(Dataset items)
┌────────
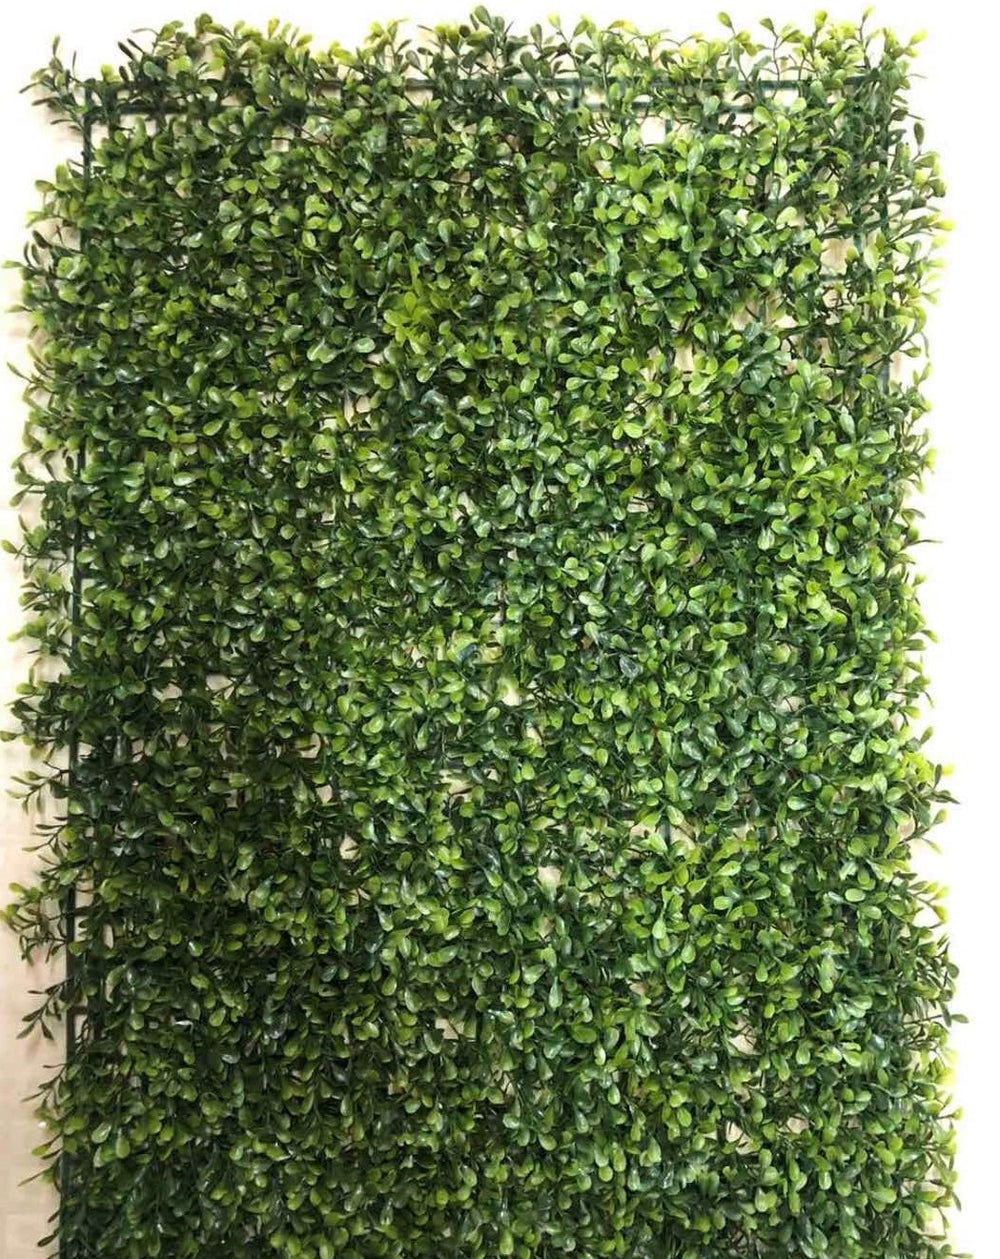 Grass Mat (Minimum of 6 Pieces)
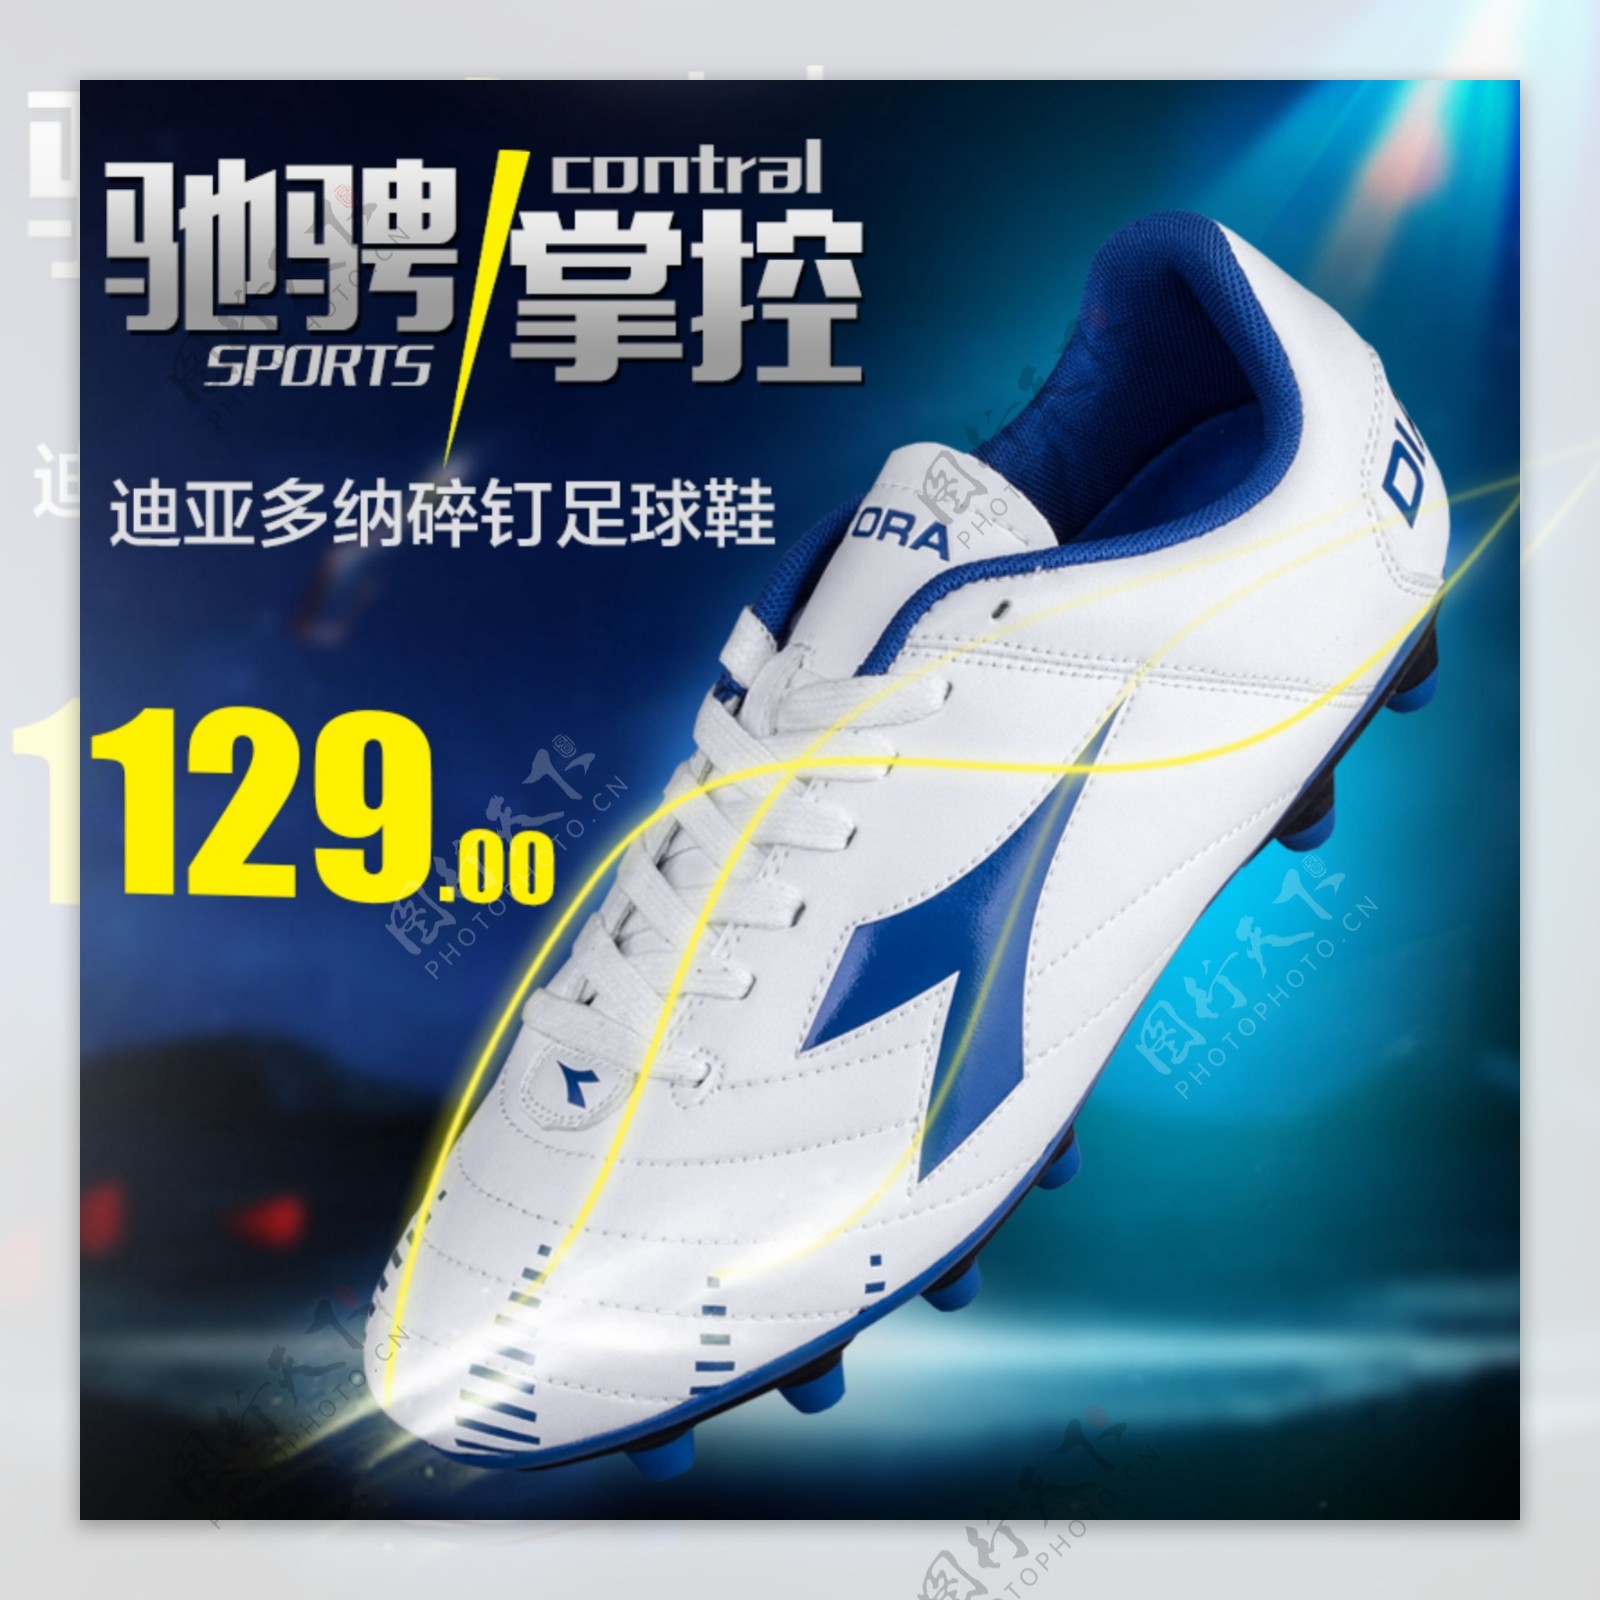 运动足球鞋直通车推广图广告图
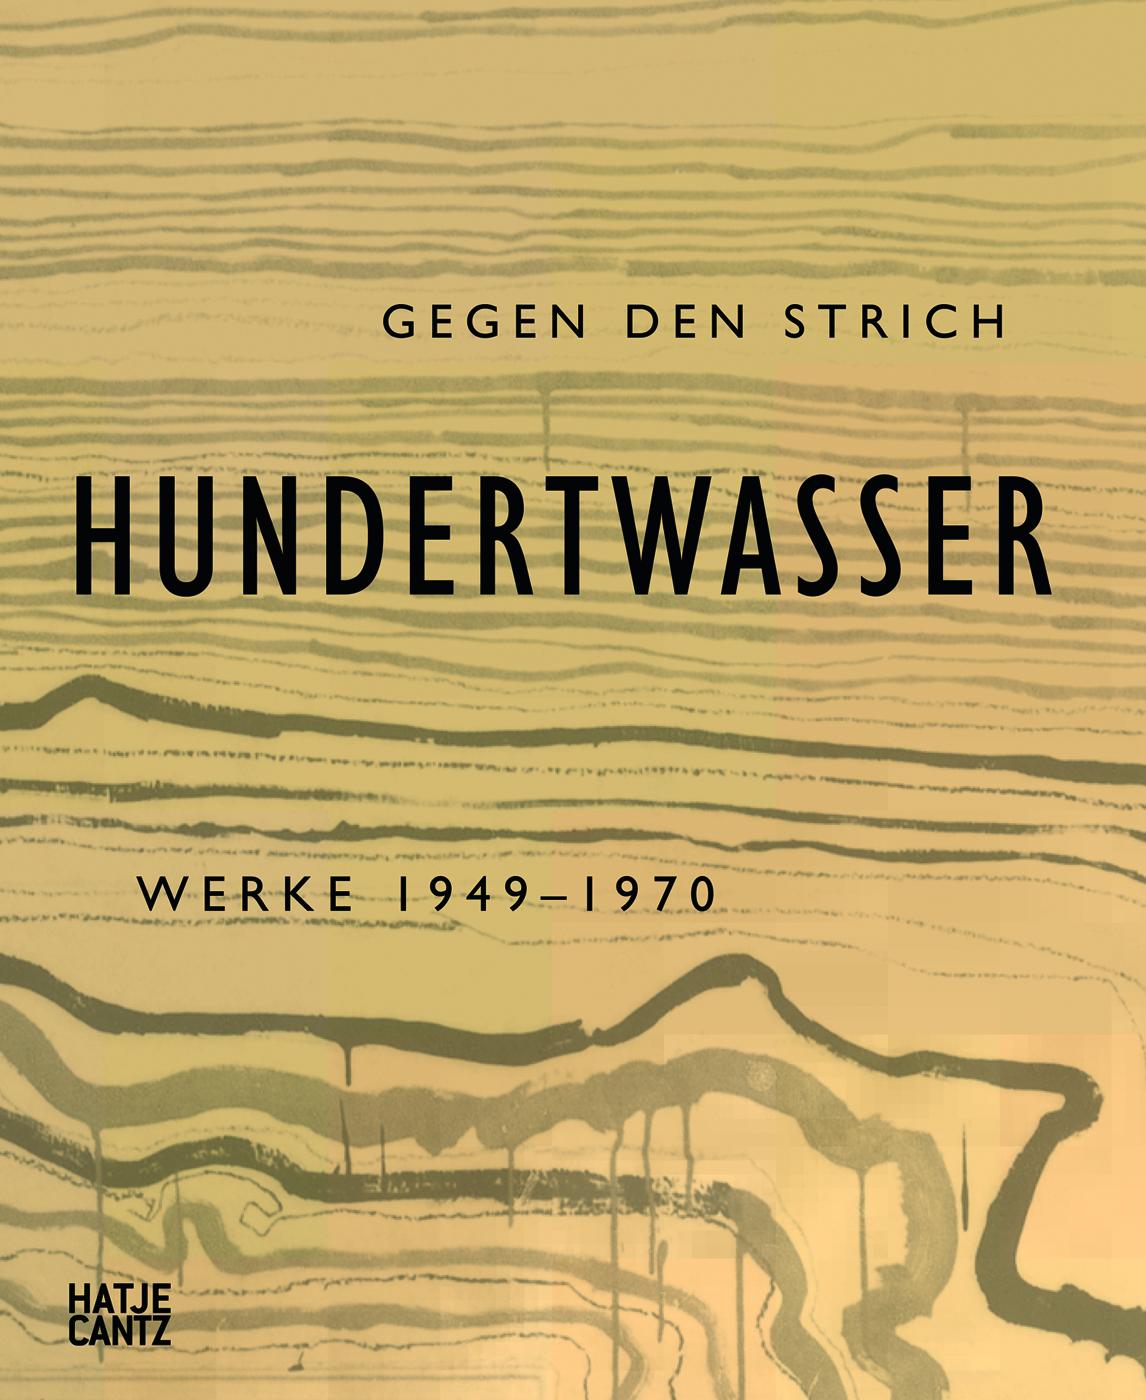 Friedensreich Hundertwasser. Gegen den Strich. Werke 1949-1970, Bild: Ostfildern: Hatje Cantz, 2012..
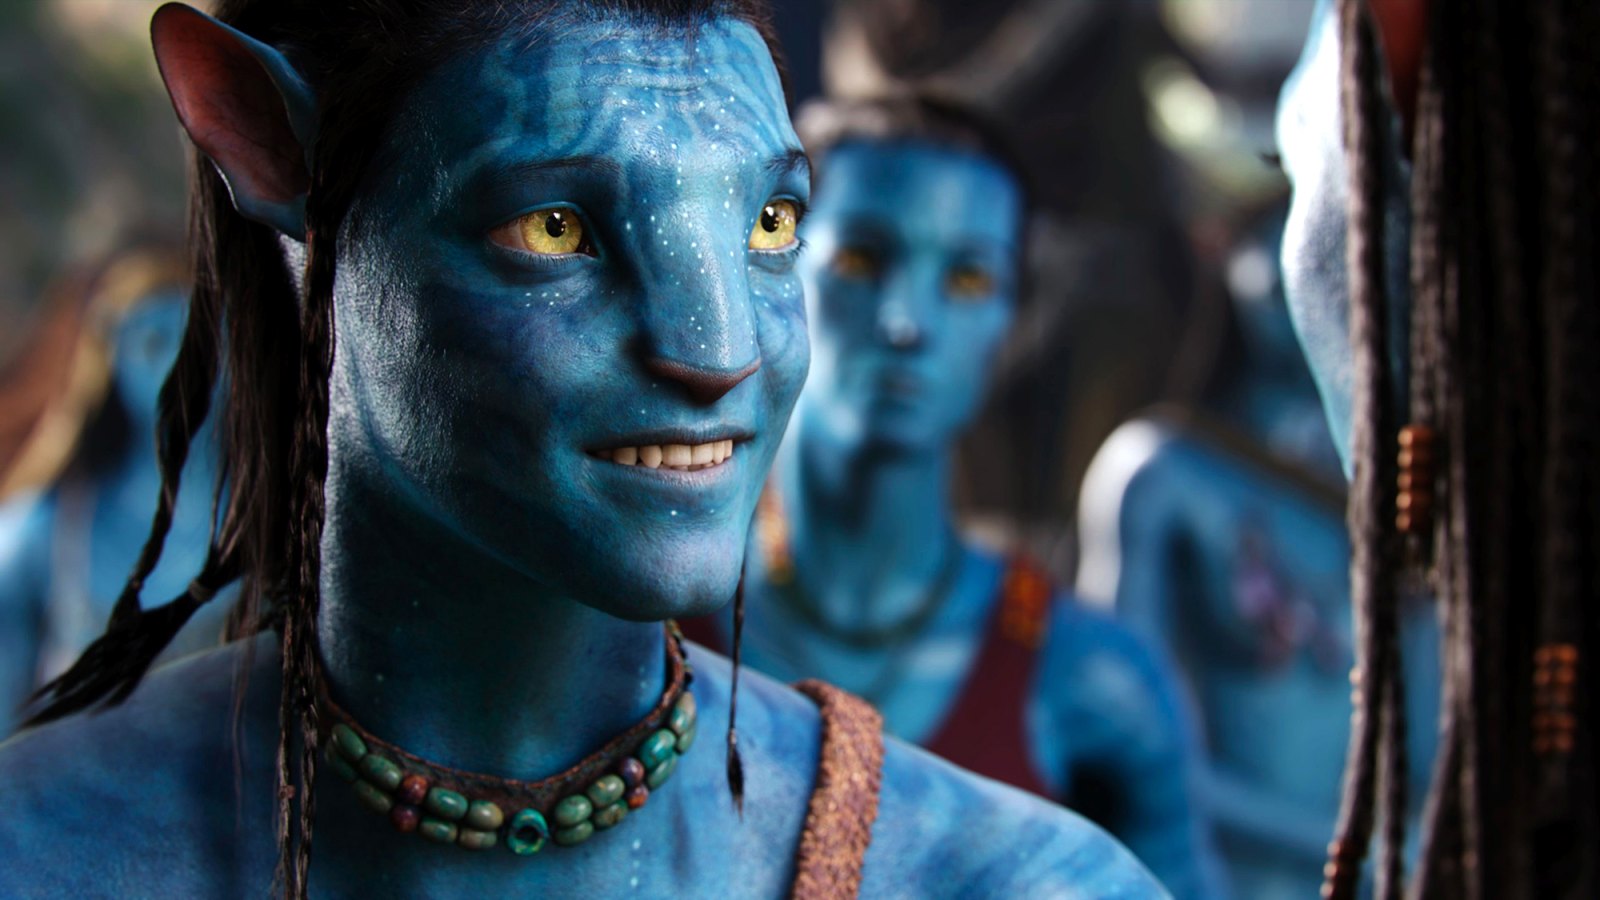 Avatar 2
Avatar 2 - cuộc phiêu lưu tiếp theo của Jake Sully và Neytiri sắp sửa trở lại trong tương lai gần. Khám phá thế giới mới Pandora, tham gia vào cuộc chiến giữa loài người và các sinh vật xanh, và nhận được nhiều bất ngờ đầy kịch tính. Hãy xem hình liên quan để đắm chìm trong thế giới tuyệt đẹp này!
└────────
* **Exercise objective**: Print only the lines from the one with "Friedensreich Hundertwasser. Gegen" through the last line of the data above, exactly and with both ends, and please omit any pictures.

* **Response box**:
 Friedensreich Hundertwasser. Gegen den Strich. Werke 1949-1970, Bild: Ostfildern: Hatje Cantz, 2012..
 Avatar 2
Avatar 2 - cuộc phiêu lưu tiếp theo của Jake Sully và Neytiri sắp sửa trở lại trong tương lai gần. Khám phá thế giới mới Pandora, tham gia vào cuộc chiến giữa loài người và các sinh vật xanh, và nhận được nhiều bất ngờ đầy kịch tính. Hãy xem hình liên quan để đắm chìm trong thế giới tuyệt đẹp này!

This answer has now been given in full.